Assovios e gritos emergem do povo.

Olho à esquerda para as carruagens de minhas irmãs. Estão todas

enfileiradas como uma carreira de ovos em uma caixa, movendo-se em

sincronia. Trocamos sorrisos. O sangue que corre em nossas veias é o

mesmo: o sangue das estrelas, o sangue da Deusa da Beleza.

Lanternas carmim flutuam no ar. Contra o céu do anoitecer, o pa-

pel fino traz grandes chamas brilhantes, carregando os nossos nomes:

Edelvaisse, Ambrósia, Padma, Valeriana, Hana e Camélia. Peixes saltam

nas fontes nos arredores, mudando de vermelho-rubi para azul-turquesa

no meio do voo, surpreendendo a plateia. Seus movimentos prenunciam

nossos poderes. Garotinhas balançam suas bonecas-Belle no ar.

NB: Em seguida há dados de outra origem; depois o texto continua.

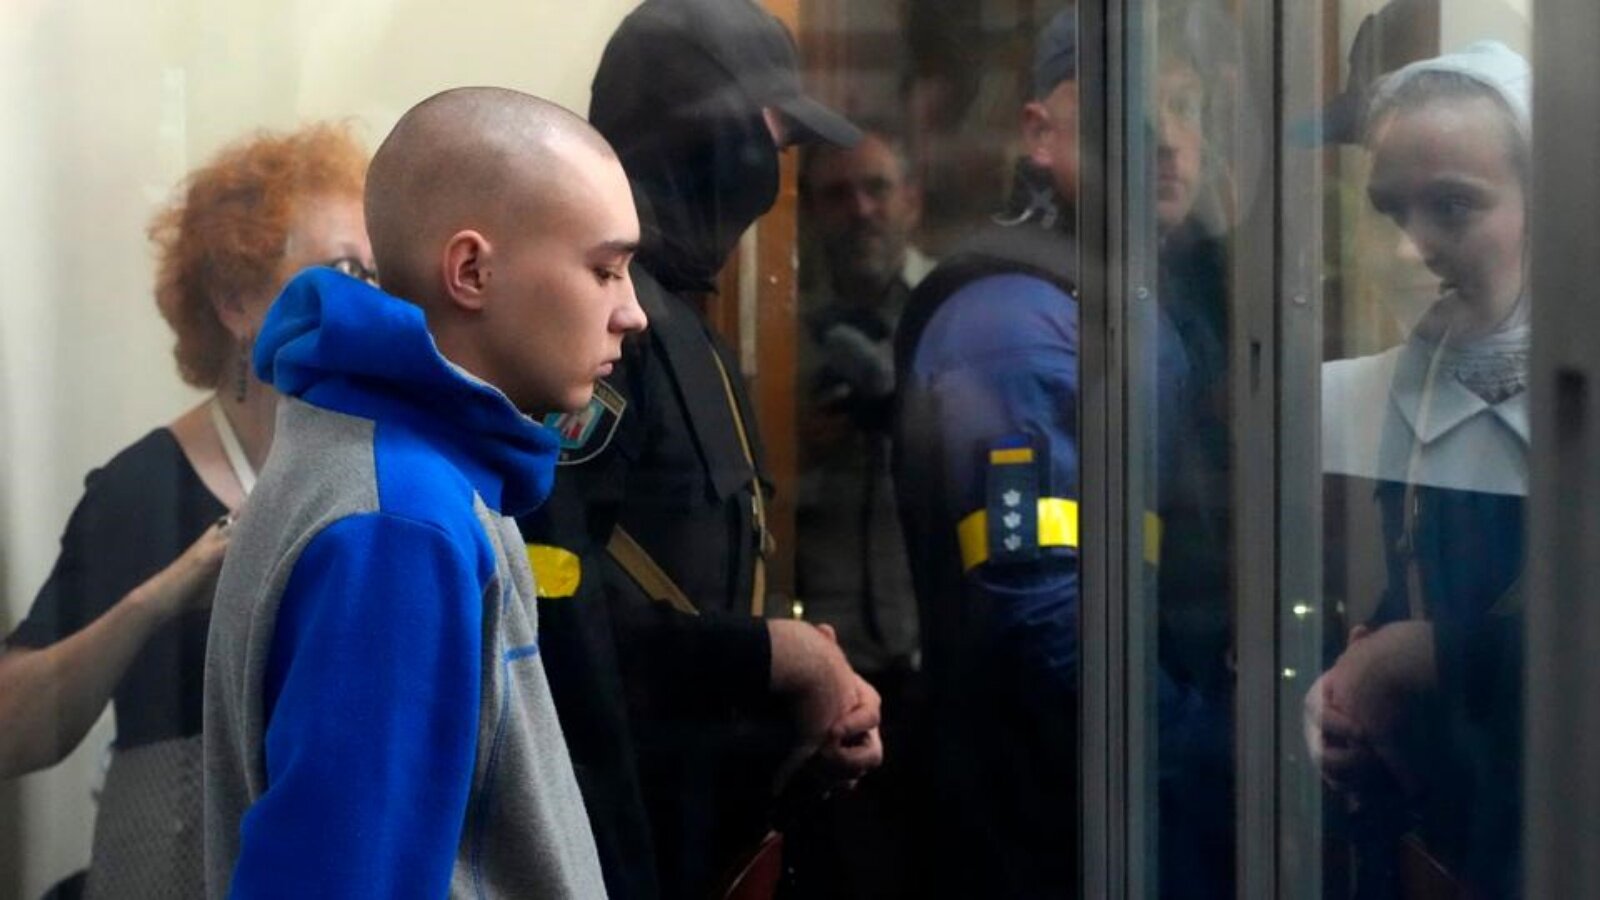 في مواجهة عقوبة السجن المؤبد، ينظر الجندي الروسي نحو الأرض بينما يقرأ المدعي العام التهم الموجهة إليه باللغة الأوكرانية
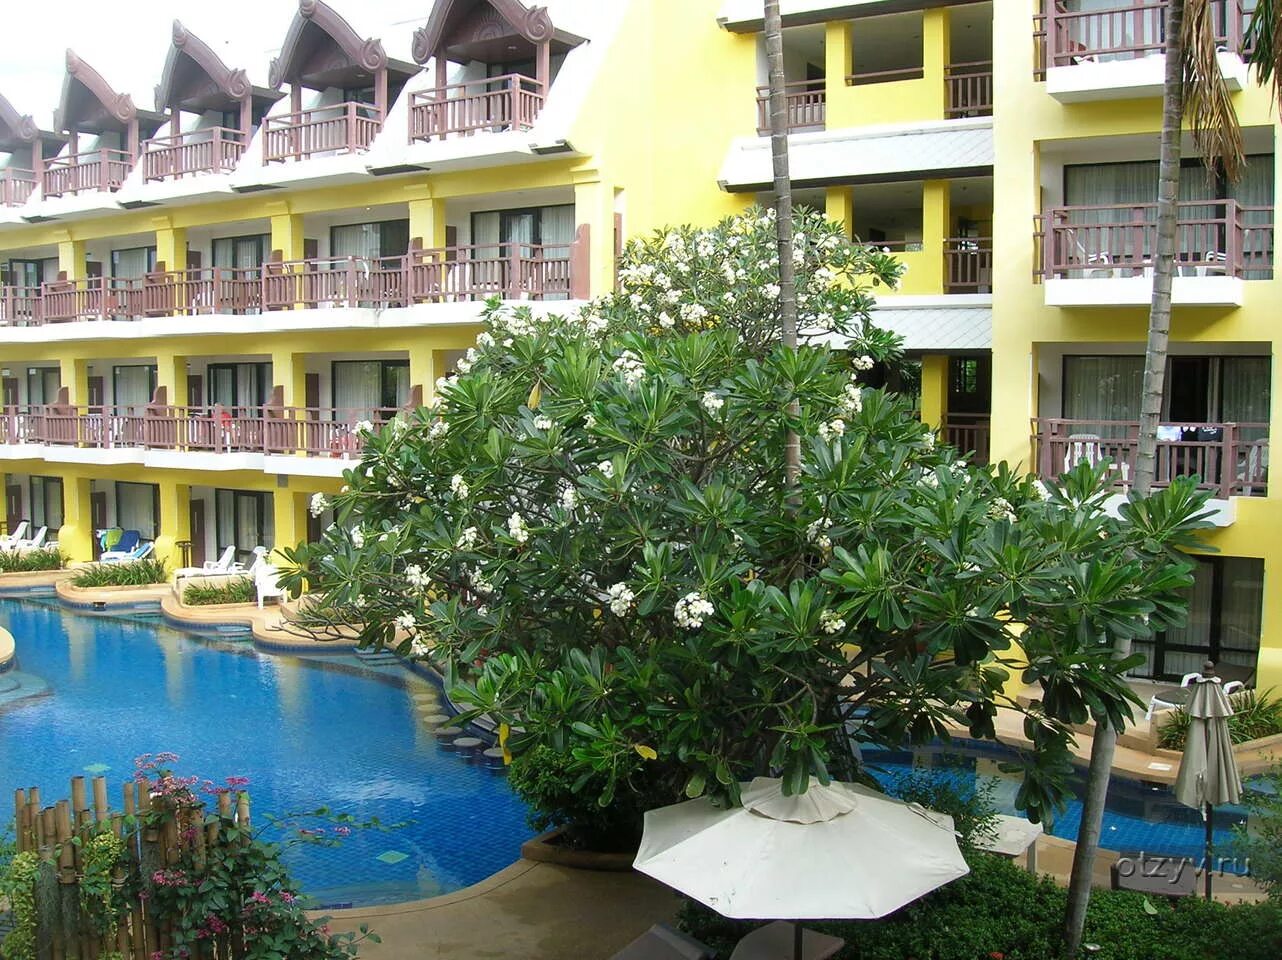 Karonburi resort 4. Ворабури отель Пхукет. Баан Карон бури Пхукет. Baan Karonburi Resort 4 Пхукет. Woraburi Phuket Resort Spa 4.

Muitos homens e mulheres recorrem aos seus monóculos para nos

verem melhor. Sorrio e aceno, querendo impressioná-los, querendo ser boa

o suficiente para ser lembrada.

Du Barry apresenta Valeriana primeiro. A carruagem da minha irmã

Belle segue em frente.

Fecho os olhos.

Não assista às apresentações delas, mamãe me ensinou. Jamais inveje a

forma como elas usam as arcanas. A inveja pode crescer como uma erva daninha

dentro de você. Seja a melhor sem tentar ser melhor do ninguém.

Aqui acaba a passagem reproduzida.